The red-lines drawing is located in the for-loop.

`hypot(x-x, y-y)` gives me a constant `.25` for every vector, which corresponds to my target length (¼). Which means my segments are actually in the correct length for the given aspect. This can also be “verified” with `.set_aspect(1)`.

I’ve tried several things, such as translating the coordinates into display coordinates (`plt.gca().transData.transform(...)`), scale them, then back again (`plt.gca().transData.inverted().transform(...)`), without success (as if the aspect was applied on top of the display coordinates). Doing that would probably also actually change the angles as well anyway.

So to sum up: I’m looking for a way to display lines with a fixed length (expressed in the x data coordinates system), and oriented (rotated) in the xy data coordinates system.

One direction I investigated was to try to display a round circle:

• in a non-orthogonal coordinates system
• at a position expressed in that coordinate system
• and its radius expressed in the unit of the x-axis

I tried building an ellipse, using the aspect ratio, but still can’t manage to get it right.

I mean if the line is the same length but at different angles, but the aspect ratio is stretched then the lines will be stretched… Why is that a problem?

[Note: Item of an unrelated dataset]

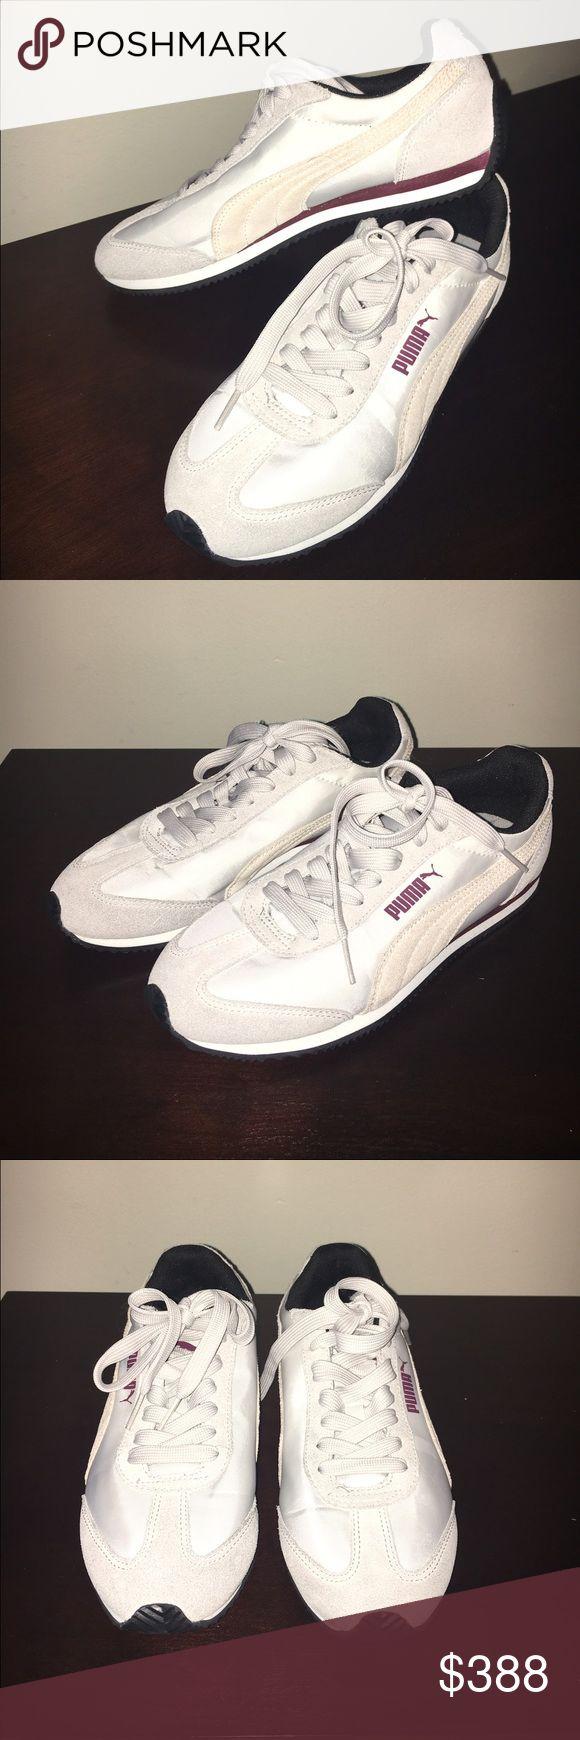 Puma tennis shoes Puma tennis shoes excellent condition. Puma Shoes Athletic Shoes

They’re tangents so I want them to honor the coordinates system for their angle, but at the same time I want to keep their length the same visually.

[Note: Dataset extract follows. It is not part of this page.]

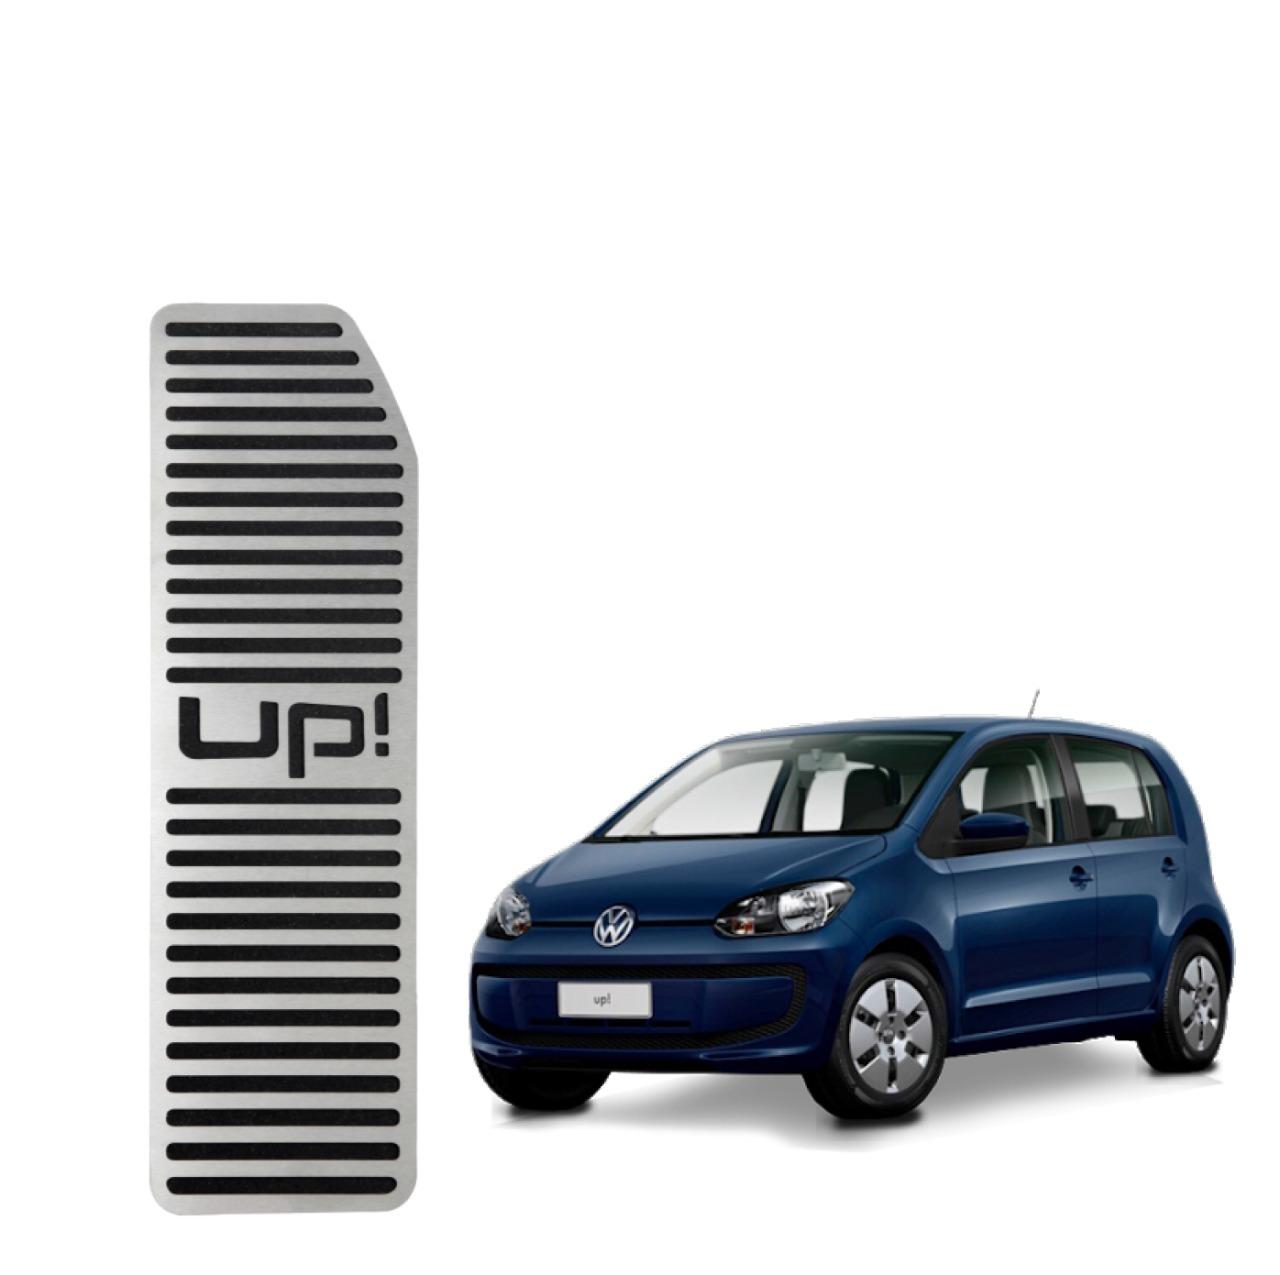 Descanso de Pé Volkswagen Up Aço Inox Escovado

I think if `a` is the aspect ratio, you multiply by both your dx and dy by `b = np.sqrt(1/(dx**2 + a**2 *dy**2))`

As a completely different idea, `mplsoccer` has a `scatter` method that accepts rotation angle per scatter point:
You could do scatter use `vline` or `hline` markers, rotated by the angle of the slope.

I don’t know if it’s directly translatable to plain Matplotlib, but there might be some inspiration in there.

1 Like

I don’t understand your suggestion: if I multiply both the `x` and `y` coordinates by a constant they will be scaled proportionally, but in the data coordinate space they need to be morphed.

Yeah I’ve been trying to use annotations/markers but kinda failed in various ways every time. What I try to achieve seems actually really tricky, I wonder why.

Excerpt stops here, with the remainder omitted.